A subnet is a segmented portion of a network that groups devices together under a specific address range. Subnetting allows better organisation, isolation and control of network traffic. It is widely used in both home labs and enterprise environments.

Subnet Mask

A subnet mask defines which portion of an IP address represents the network and which part represents the device. It determines how traffic is routed within and outside a subnet. Understanding subnet masks is key to designing and troubleshooting network structures.

Gateway

A gateway is the device that routes traffic from your local network to external networks, typically your router. It acts as the exit point for all outbound communication. If the gateway is misconfigured or overloaded, connectivity and performance are immediately affected.

DHCP (Dynamic Host Configuration Protocol)

DHCP is the protocol that automatically assigns IP addresses to devices on a network. It simplifies connectivity by removing the need for manual configuration. However, for advanced setups, static assignments or reservations are often preferred for consistency.

DHCP Reservation

A DHCP reservation assigns a fixed IP address to a specific device based on its MAC address while still using DHCP. It combines the flexibility of dynamic addressing with the stability of static IPs, making it useful for devices that need predictable addressing without manual setup.

MAC Address

A MAC address is a unique hardware identifier assigned to a network interface. It is used within local networks to identify devices at the data link layer. MAC addresses are often used for DHCP reservations, access control and network tracking.

DNS (Domain Name System)

DNS translates human readable domain names into IP addresses. Without it, you would need to remember numerical addresses for every service. DNS performance and reliability directly impact how quickly connections are established.

DDNS (Dynamic DNS)

Dynamic DNS maps a changing IP address to a fixed domain name. It allows remote access to systems even when using a dynamic IP. For techies without a static IP, DDNS is a common workaround for maintaining accessibility.

Reverse DNS

Reverse DNS maps an IP address back to a domain name. It is often used in email systems, logging and security checks. Proper reverse DNS configuration improves trust and compatibility in certain network services.

Loopback Address

The loopback address, typically 127.0.0.1 in IPv4, allows a device to communicate with itself. It is used for local testing and internal services. While simple, it is essential for development and diagnostics.

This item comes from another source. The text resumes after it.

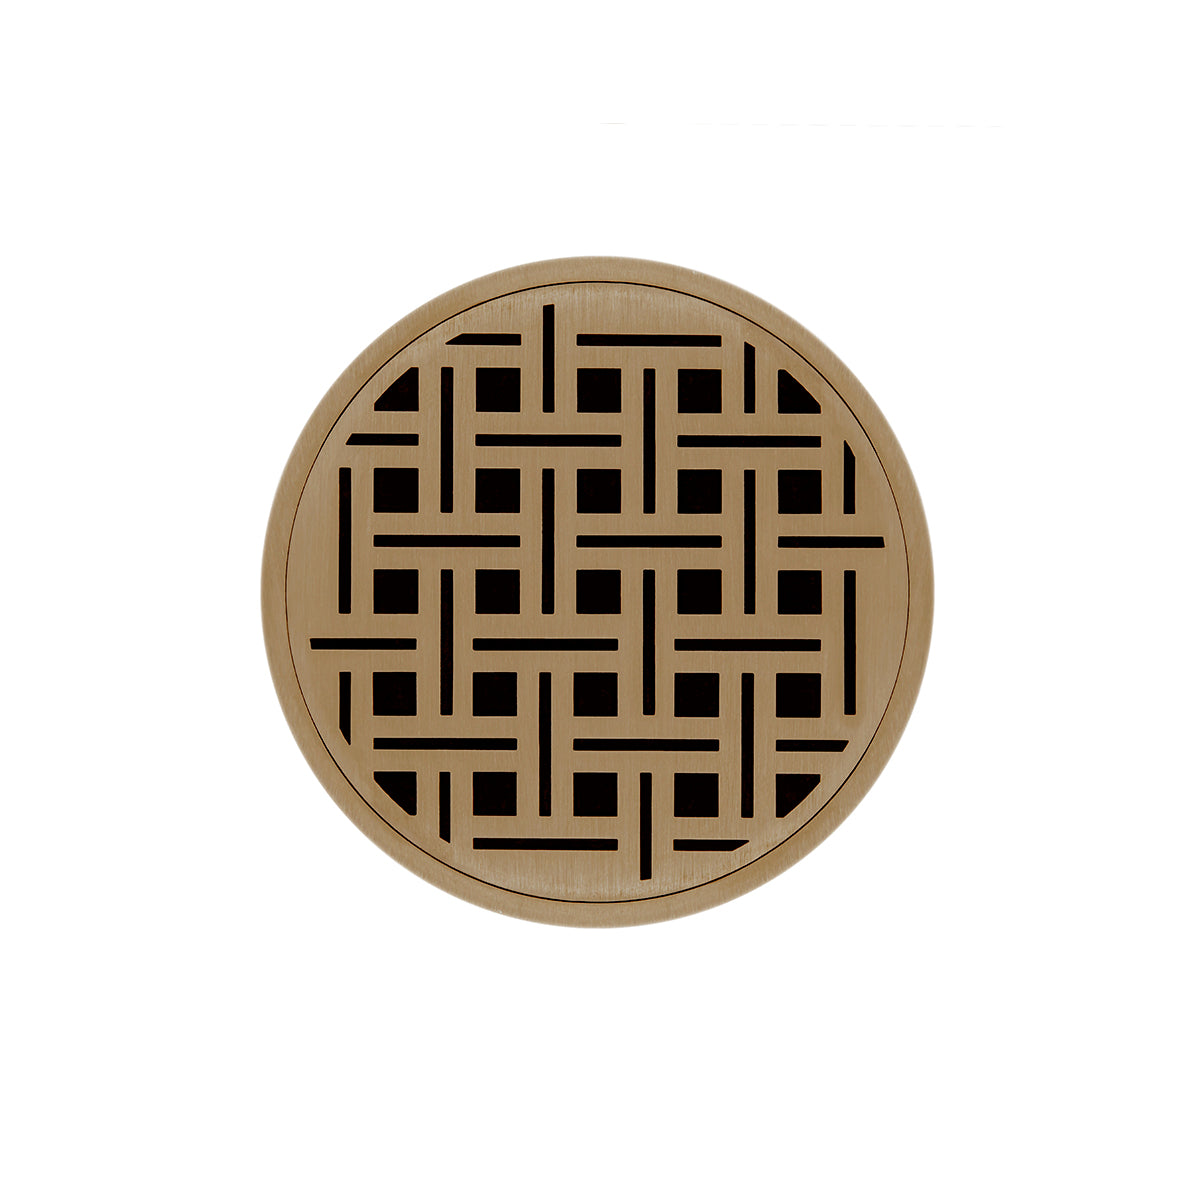 Infinity Drain 5" Round RVD 5 Premium Center Drain Kit with Weave Pattern Decorative Plate with Cast Iron Drain Body for Hot Mop, 2" Outlet

Hairpin NAT (NAT Loopback)

Hairpin NAT allows devices within the same network to access a service using the public IP address instead of the internal address. Without it, internal access to hosted services can fail. It is important for consistent testing and access behaviour.

Port Range

A port range defines a group of ports rather than a single one, often used for applications that require multiple connections such as VoIP, gaming or FTP. Managing port ranges correctly is essential for ensuring full functionality of certain services.

Security and Privacy

This section focuses on protecting data, controlling traffic and maintaining visibility. It includes VPNs, DNS control, encryption protocols, firewalls and segmentation. For privacy focused users and cybersecurity professionals, this is where control is defined. A strong setup ensures your data moves securely without interference while still allowing full flexibility over how your network is configured and monitored.

VPN

A VPN creates an encrypted tunnel between your device and another network, protecting your data from interception, enabling secure remote access and allowing traffic to be routed through different locations for privacy, control and flexibility.

WireGuard

WireGuard is a modern VPN protocol designed for speed and simplicity, using efficient encryption and minimal overhead to deliver high performance connections that are widely used in setups where low latency and stability matter.

OpenVPN

OpenVPN is a mature and highly configurable VPN protocol that supports a wide range of encryption methods and network setups, making it a reliable choice for secure environments where flexibility and compatibility are required.

DNS

DNS translates human readable domain names into IP addresses, allowing devices to locate services across the internet, and its speed and reliability directly affect how quickly connections are established.

DNS over HTTPS

DNS over HTTPS encrypts DNS queries within standard HTTPS traffic, preventing interception or manipulation while improving privacy and maintaining compatibility with modern web infrastructure.

DNS over TLS

DNS over TLS encrypts DNS queries at the transport layer, ensuring secure name resolution by protecting requests from being intercepted or altered during transmission.

Custom DNS

Custom DNS allows you to select your own DNS provider instead of relying on default settings, giving you greater control over performance, filtering, privacy and how domain requests are resolved.

Firewall

A firewall controls incoming and outgoing network traffic based on defined rules, acting as a barrier that protects systems from unauthorised access while allowing legitimate communication.

VLAN

A VLAN separates network traffic into isolated segments within the same physical network, improving security and allowing more precise control over how devices communicate with each other.

Network Segmentation

Network segmentation divides a network into multiple controlled zones, reducing risk by limiting access between systems and improving performance by managing traffic more efficiently.

Packet Inspection

Packet inspection analyses network traffic at various levels to detect threats, monitor behaviour or enforce policies, making it a key component in both security and traffic management.

Encryption

Encryption is the process of converting data into a secure format that can only be read by authorised parties. It protects data in transit and at rest, ensuring that even if traffic is intercepted, it cannot be understood. For techies, strong encryption is the baseline for secure communication across all systems.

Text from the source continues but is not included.